Но вместо ожидаемого гнева шевельнулось иное чувство — отстраненная жалость.

— Бедный мальчик, — тихо сказал я. Он вздрогнул от неожиданной смены тона. — Ты и впрямь думаешь, что дело в наследниках? Что род — это спасение?

Я отошел от окна и сел за стол. Опершись локтями о стол, я подался вперед.

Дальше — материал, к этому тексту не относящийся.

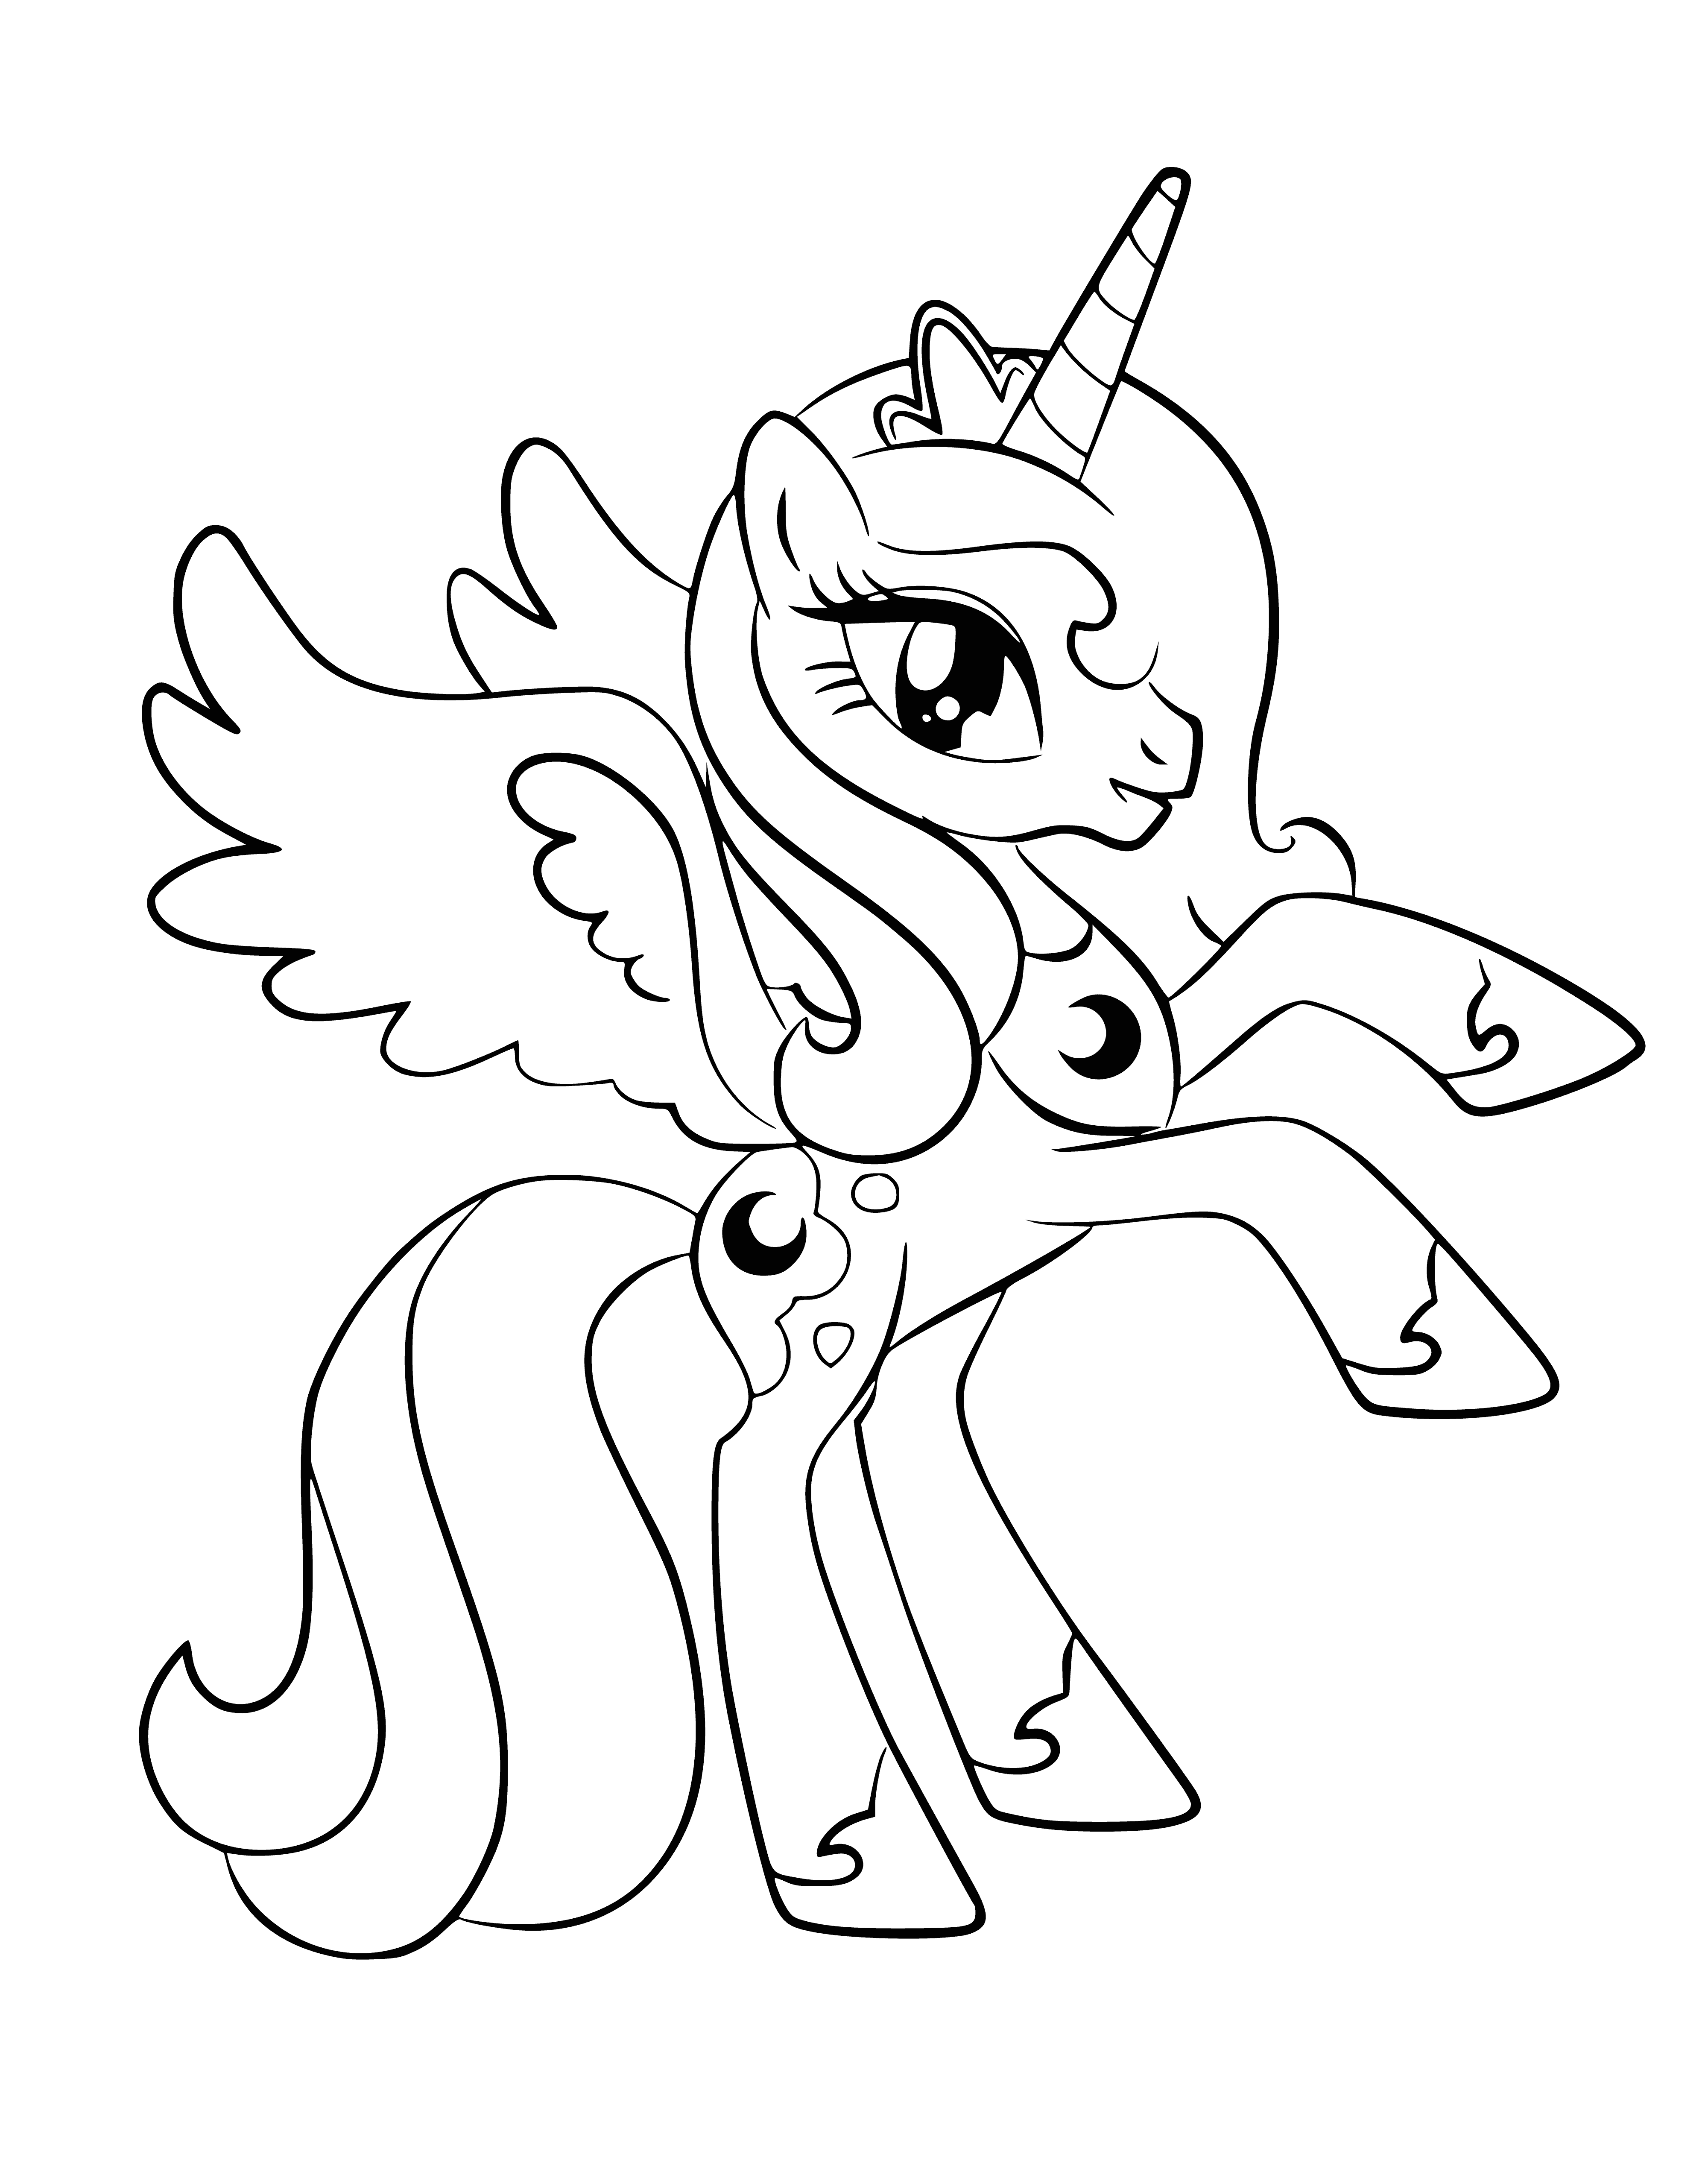 coloring page: The Princess Luna stands in a beautiful night sky with stars shining bright, a full moon, and her blue crescent moon forehead. Surrounded by beauty, she looks up at the moon with a gentle expression.

— Ты говоришь о будущем. Хорошо, давай я расскажу тебе про будущее. — На этой фразе мне пришло в голову, что будущее Алексея я уже изменил безвозвратно. — Так вот. Целились в тебя. Не в меня. Ты — слабое звено. И я сильно сомневаюсь, что во вражеских столицах сразу дойдут, что такое «Гражданская Смерть». Значит, попытаются еще раз. И еще. И однажды у них получится. А знаешь, что будет тогда, царевич? Твой отец, потеряв единственного сына, сломается. Превратится в зверя, который зальет страну кровью в поисках виноватых. Начнется грызня за трон. Меншиков, бояре, генералы… Они разорвут Империю на куски быстрее, чем стая волков рвет оленя. Все, что мы строили — заводы, дороги, армия, — все пойдет прахом. А лет через двадцать на это пепелище придет новый Карл или новый Батый и возьмет то, что осталось, голыми руками. А может и вовсе, — здесь я даже вздохнул, — начнутся дворцовые перевороты, где весь род Романовых будет грызню вести за престол. Вот твое будущее без наследника. Не моего. Твоего.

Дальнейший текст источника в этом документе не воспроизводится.